Sunday, October 11, 2020

DIY Haircuts (자기 이발, セルフヘアカット, 自我理发)

Desperate times call for desperate measures, and the pandemic has forced MJ and I to give each other haircuts. Technically not self-haircuts  (those would be doing a haircut by myself with a mirror and an electric razor), but we bought a haircut cut from Costco for $50 and have already done 3 cuts that normally would cost around $30 with tip, so the kit has already paid for itself. It's also made me realize that.....I've been burnt on haircut cost in my life! The cheapest haircut I ever got was $7 (in LA Chinatown) but they can get up to $30, $40! And they don't really look that different to me. It's like buying the cheap $5 budget cheap wine vs. the sommelier recommended, vintage, bottled in Napa Valley in 1968 exclusive brand wine. I can't taste the difference! 

Also, men's haircuts are less expensive than women's haircuts (another reason it's tough to be a woman and more costly to look nice). When MJ gets a haircut, I've been able to tell the intricacies that went into it and the distinctive style (and sometimes it's a perm). 

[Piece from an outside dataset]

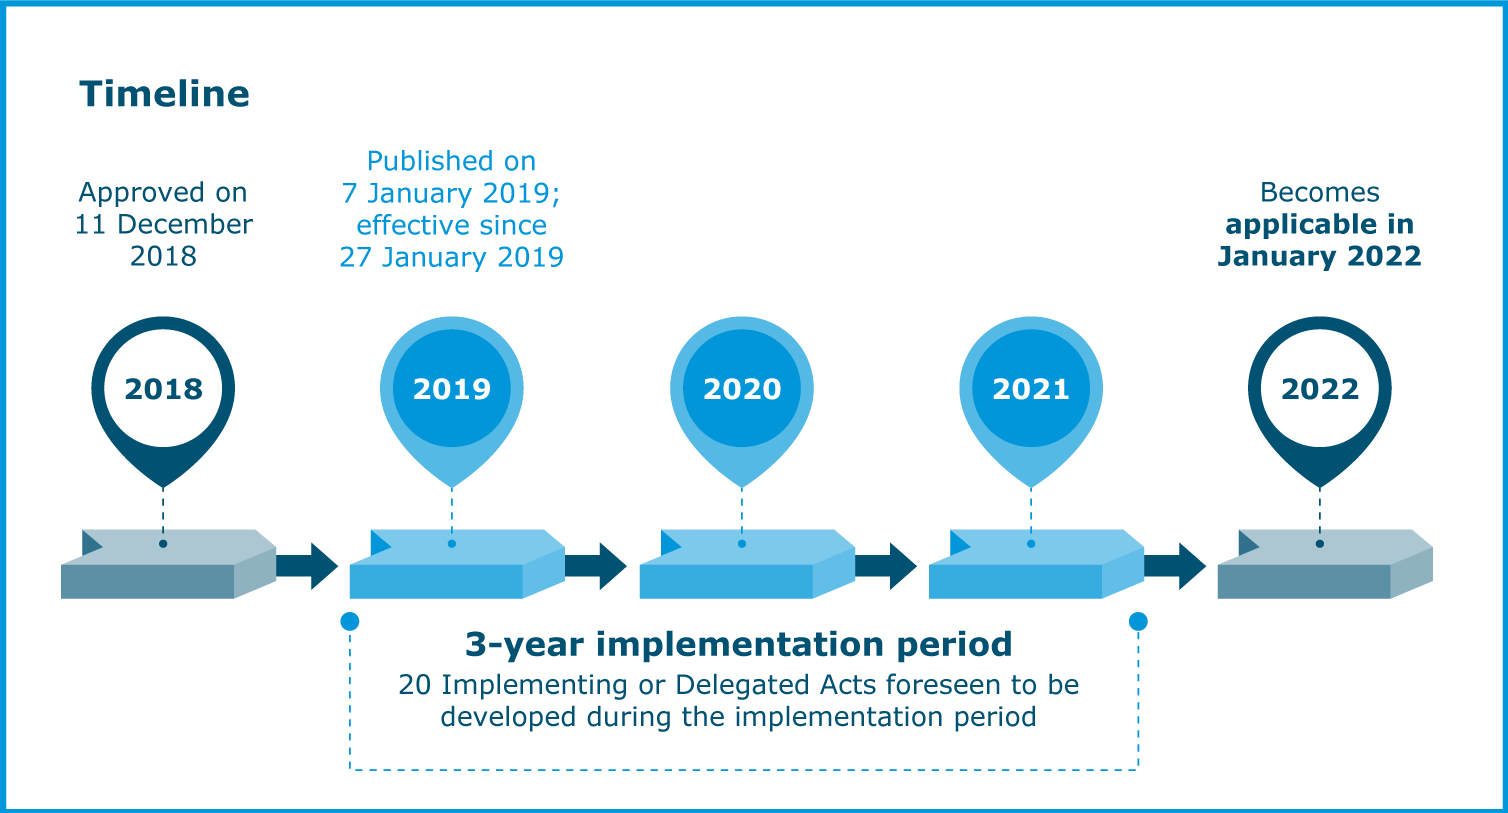 Timeline of the 3-year implementation period
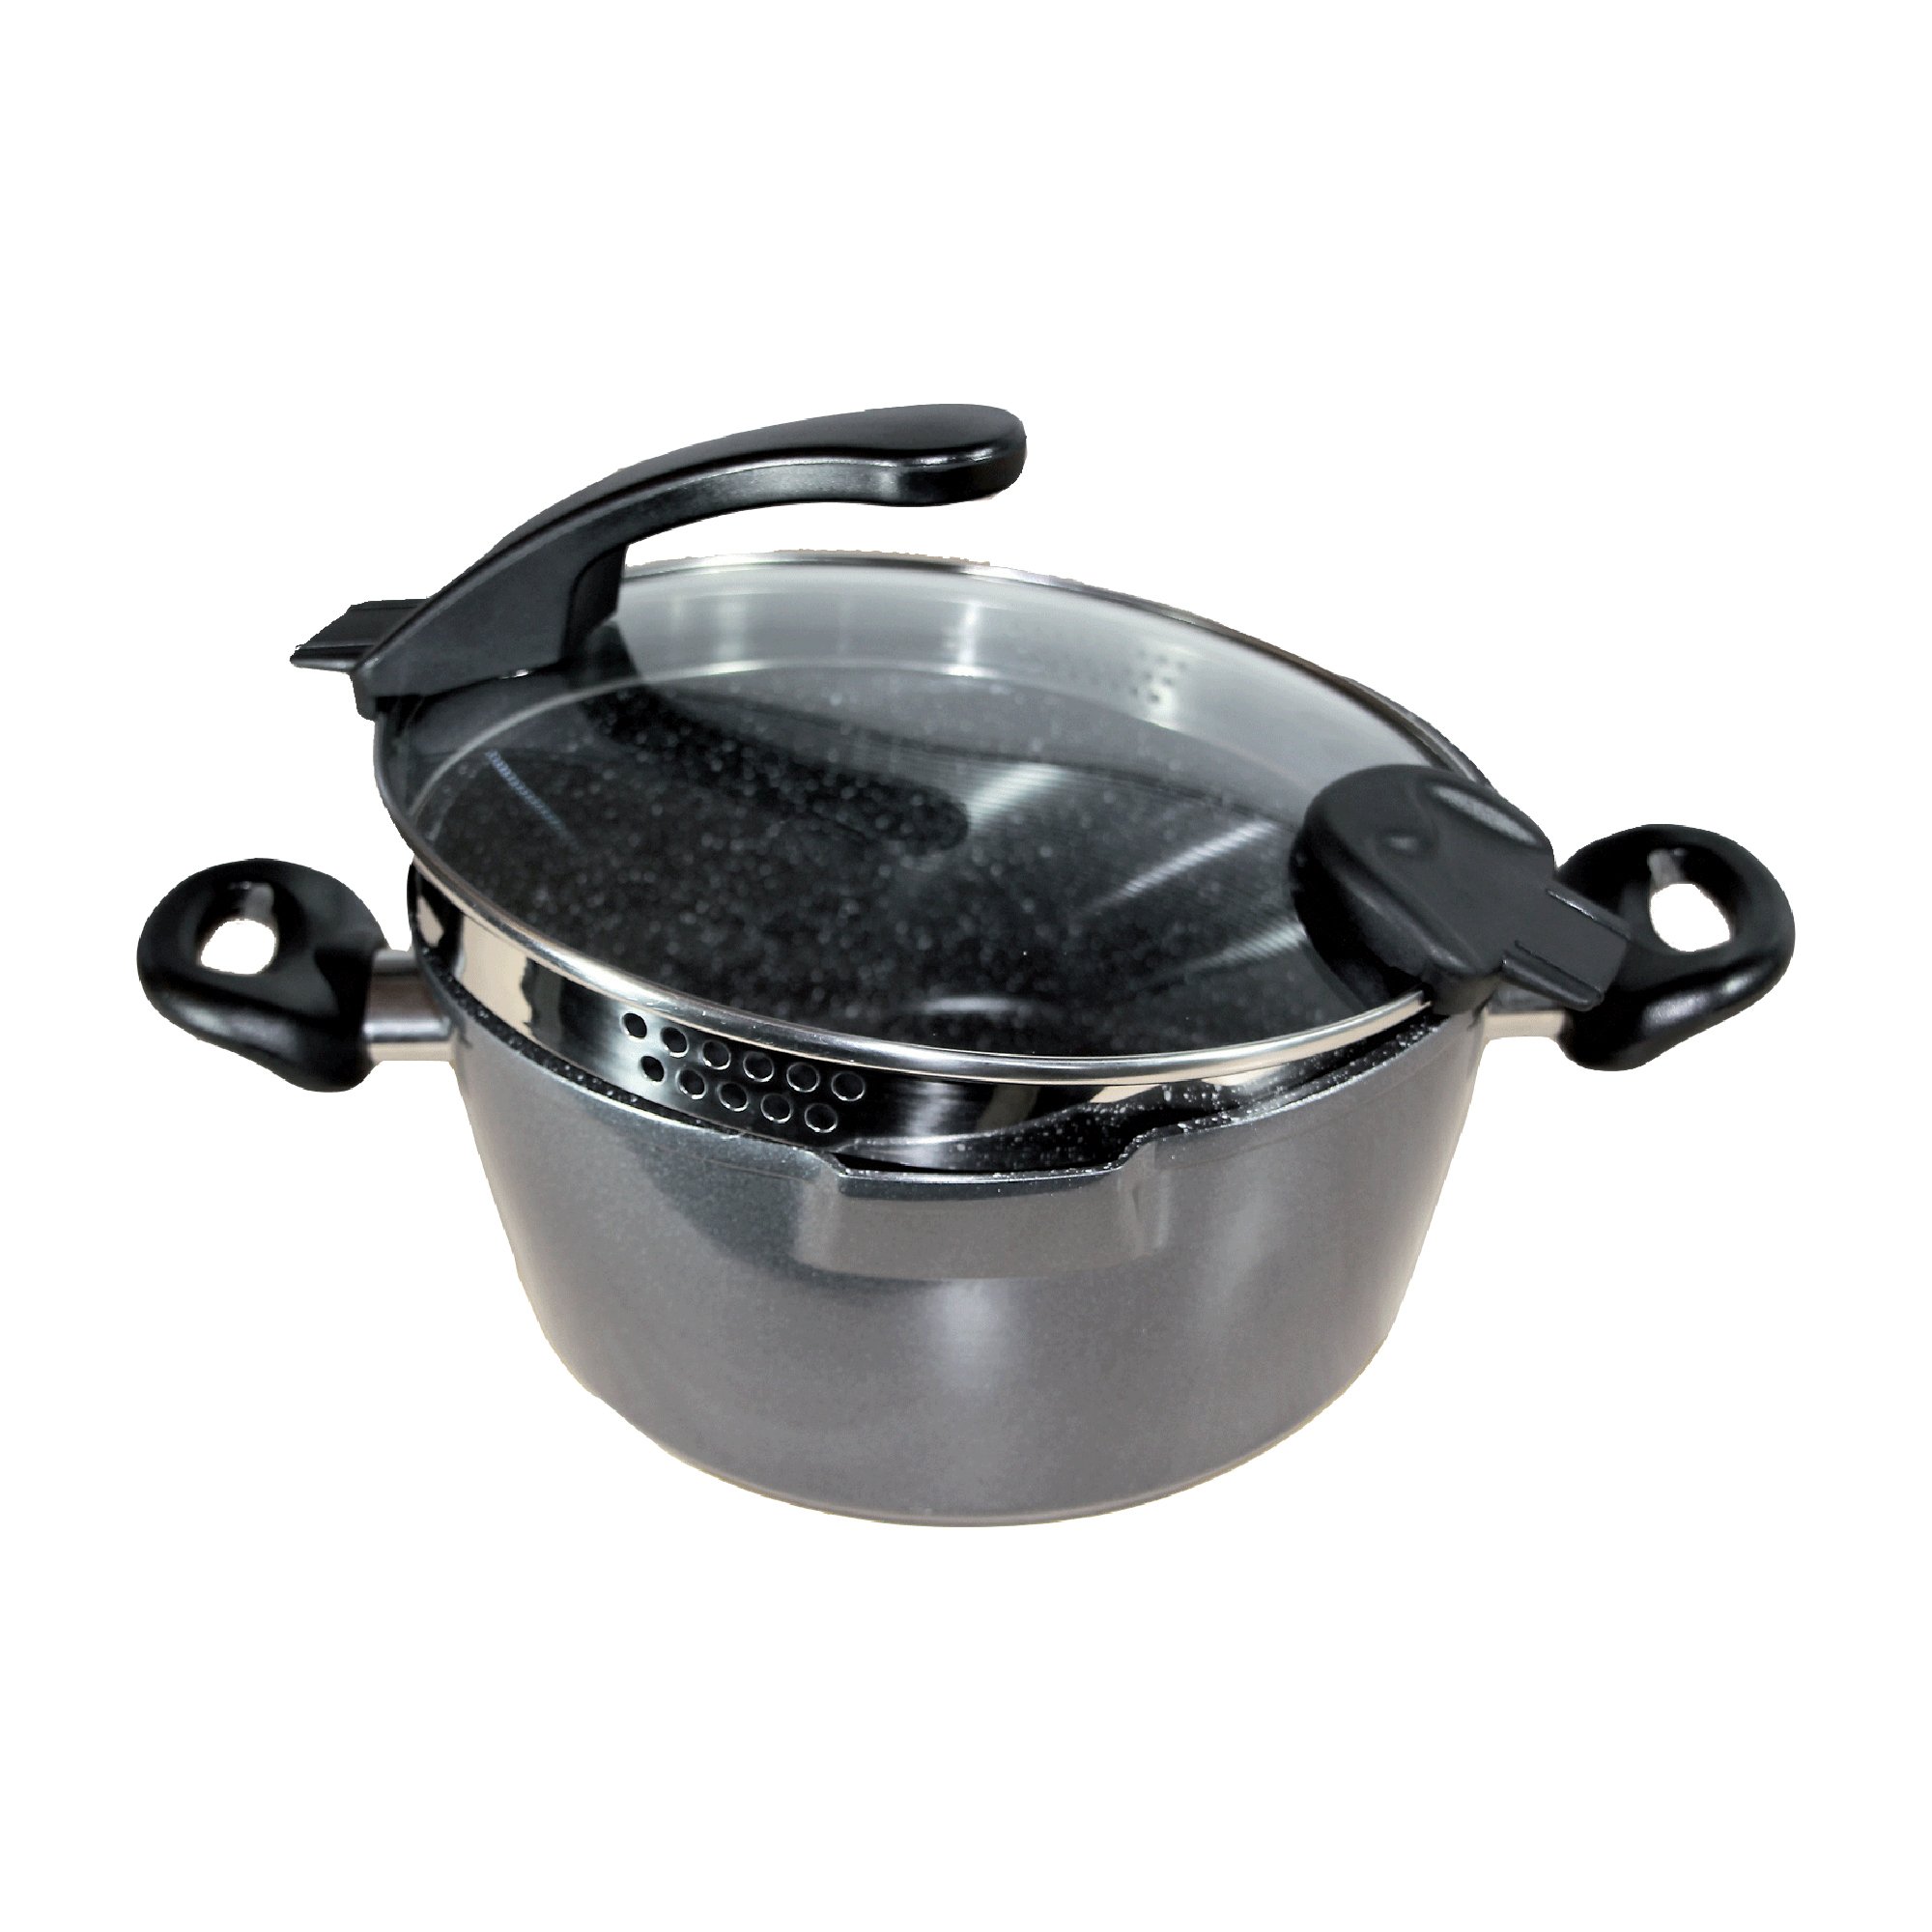 STONELINE® FUTURE frying pan 28 cm, with sieve glass lid, non-stick coating, induction and oven-safe

I'm also counting my blessings that I still grow enough hair to worry about haircuts, as co-workers and friends my age tend to start losing their hair, or developing a bald start, or getting white hairs or a "salt-and-pepper look" of interspersed white and grey hair. I guess there's a preference thing where white hair could be seen as more sophisticated or distinctive like a "silver fox," but I personally prefer a full head of jet black hair for as long as I can have it, please. But that also means the hair becomes foliage pretty quickly, spreading over the ears and touching different areas of the skin enough to become a nuance, prompting me to get MJ to be my personal barber (Bobby's barber I call it). 

I realize that the haircut industry is like the restaurant industry: supports workers who provide basic services and puts a large amount of the population without college education to work, a job that basically anybody can get and start working pretty quickly, although barbers need to do 100 haircuts apparently before they obtain their license, that fancy card they place at their work station when you sit down at the barbershop/ hair salon. Hair salons have become a major ideological battleground, regarding reopening and allowing them to conduct business v. shutting down due to fear of spreading the virus. The hair salons are usually the small businesses with individual small business owners who are hardest hit by the pandemic and didn't get bailed out by the government (the corporations did) and they employ workers who probably need the income the most (usually living paycheck to paycheck). So I do feel a little conflicted about taking away my contribution to that business, and I've had some decent conversations with barbers who do my hair (granted, they're probably chatting me up to earn a better tip, or as one downtown LA Supercuts employee brazenly tried to do, sell me a hair product), but especially in this pandemic, any social interaction has been a gift.